Dua sudut pandang ini juga dapat dihitung menjadi satu, yaitu manakala ada orang yang memiliki harta sekaligus memiliki pekerjaan tetap. Jika harta yang dimiliki ditambah hasil pekerjaannya dapat mencukupi kebutuhan pokoknya dan keluarga yang wajib dinafkahinya, maka ia tergolong orang kaya; dan jika belum dapat mencukupinya, maka ia tergolong orang miskin. 
 

4 Macam Profesi Orang Perspektif Imam Al-Mawardi dan Kaitannya dengan Zakat

Secara rinci, Al-Mawardi menjelaskan bahwa dilihat dari sisi kegiatan ekonomi, profesi manusia ada empat macam: pekerja, pedagang, pemilik harta benda, dan pemilik ternak:

  1. Pekerja seperti petani, pelaut, tukang kayu, dan tukang bangunan.
    Jika mereka mendapat penghasilan yang selalu mencukupi kebutuhan pokoknya dan orang-orang wajib dinafkahinya, maka haram baginya untuk menerima zakat, meskipun tidak mempunyai satu dinar maupun satu dirham (tidak punya uang); dan jika ia tidak selalu mendapatkan penghasilan yang cukup, maka ia boleh menerima zakat untuk memenuhi kekurangan dari penghasilannya. 
     
  2. Pedagang.
    Mereka mencari keuntungan dari harta dagangannya.

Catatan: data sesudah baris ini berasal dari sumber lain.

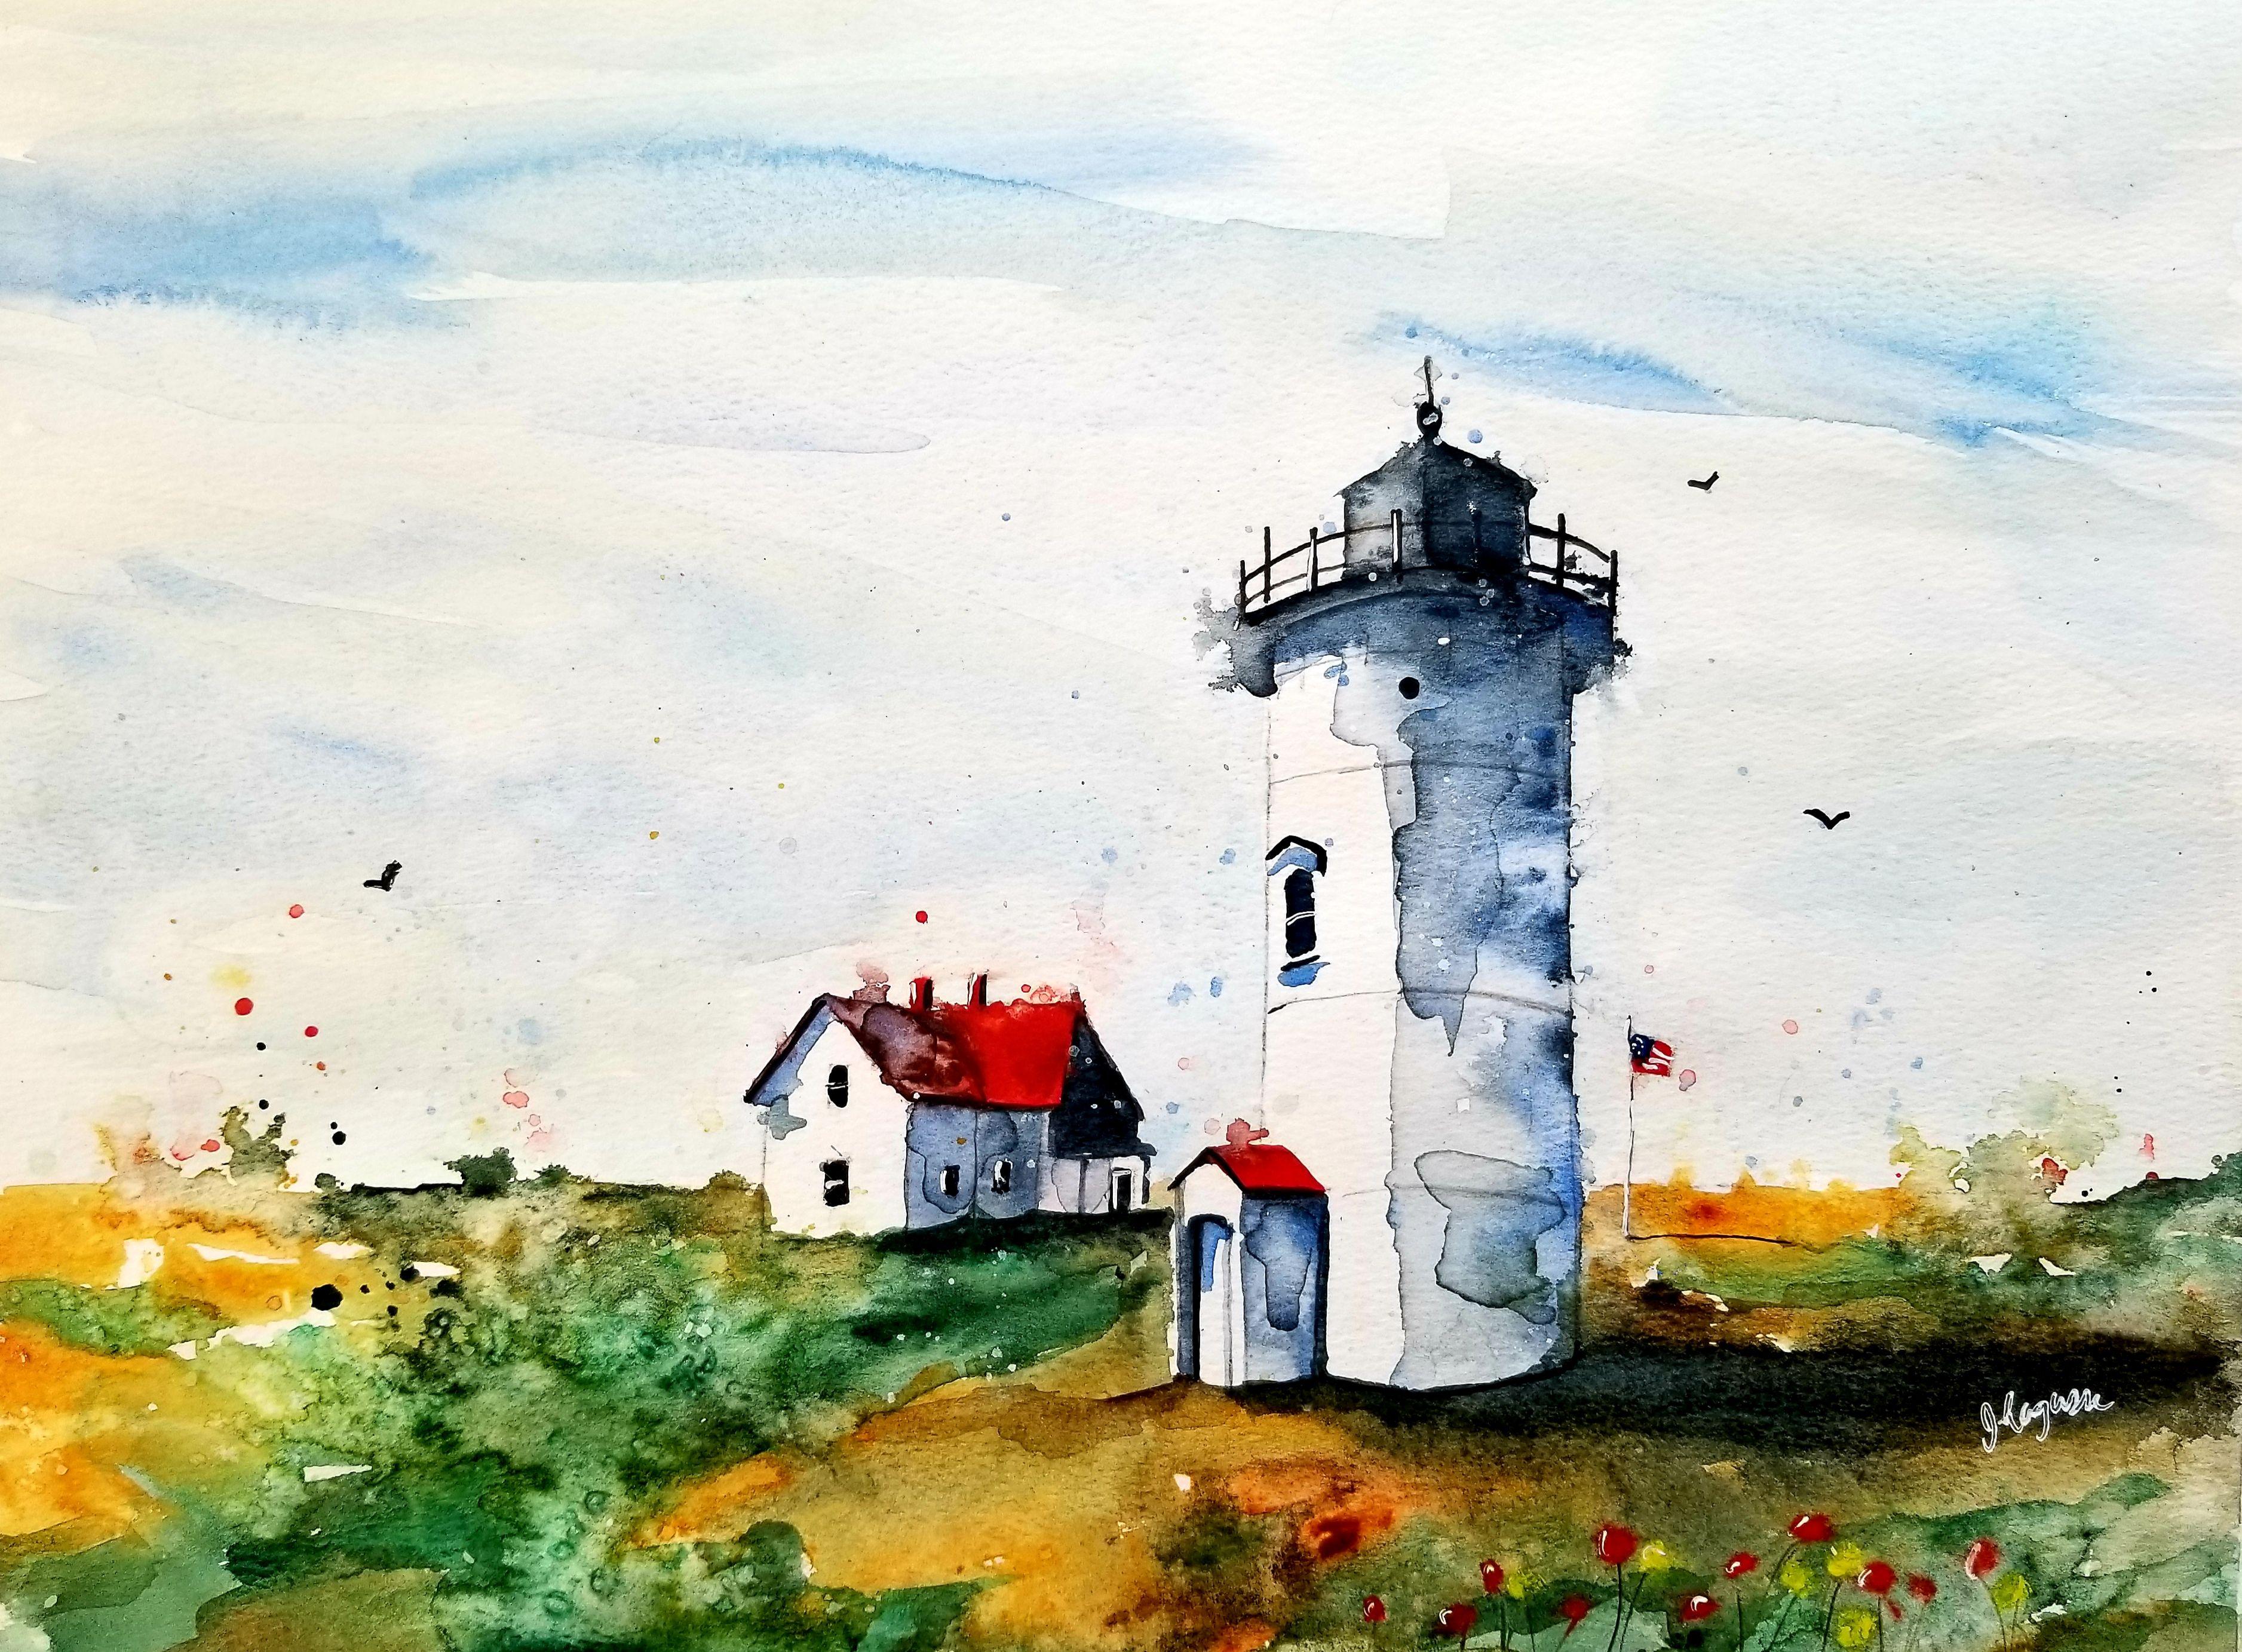 Lighthouse, Painting, Watercolor on Watercolor Paper - Art by Jim Lagasse

Jika biasanya keuntungan dagang dapat mencukupi kebutuhannya dan orang-orang yang wajib dinafkahinya, maka ia termasuk orang kaya yang haram menerima zakat, meskipun dagangannya tidak ada satu nishab zakat; dan jika keuntungannya tidak dapat mencukupi kebutuhannya dan orang-orang yang wajib dinafkahinya, maka ia tergolong orang miskin meskipun nilai dagangannya mencapai lebih dari satu nishab. Ia dapat mengambil zakat untuk dijadikan tambahan modal dagangannya. 
     
  3. dan 4, yaitu pemilik harta dan hewan ternak.
    Jika hasil dari harta dan ternaknya dapat mencukupi kebutuhannya dan kebutuhan orang-orang yang wajib dinafkahinya, maka haram baginya menerima zakat; dan jika hasilnya tidak dapat mencukupi kebutuhannya dan orang-orang yang wajib dinafkahinya, maka ia boleh mengambil zakat untuk dibelikan pekarangan dan ternak agar dapat mencukupi kebutuhannya. (Al-Mawardi, Al-Hawil Kabir [Beirut, Darul Kutub Al-Ilmiyah: 1994], juz VIII, halaman 520).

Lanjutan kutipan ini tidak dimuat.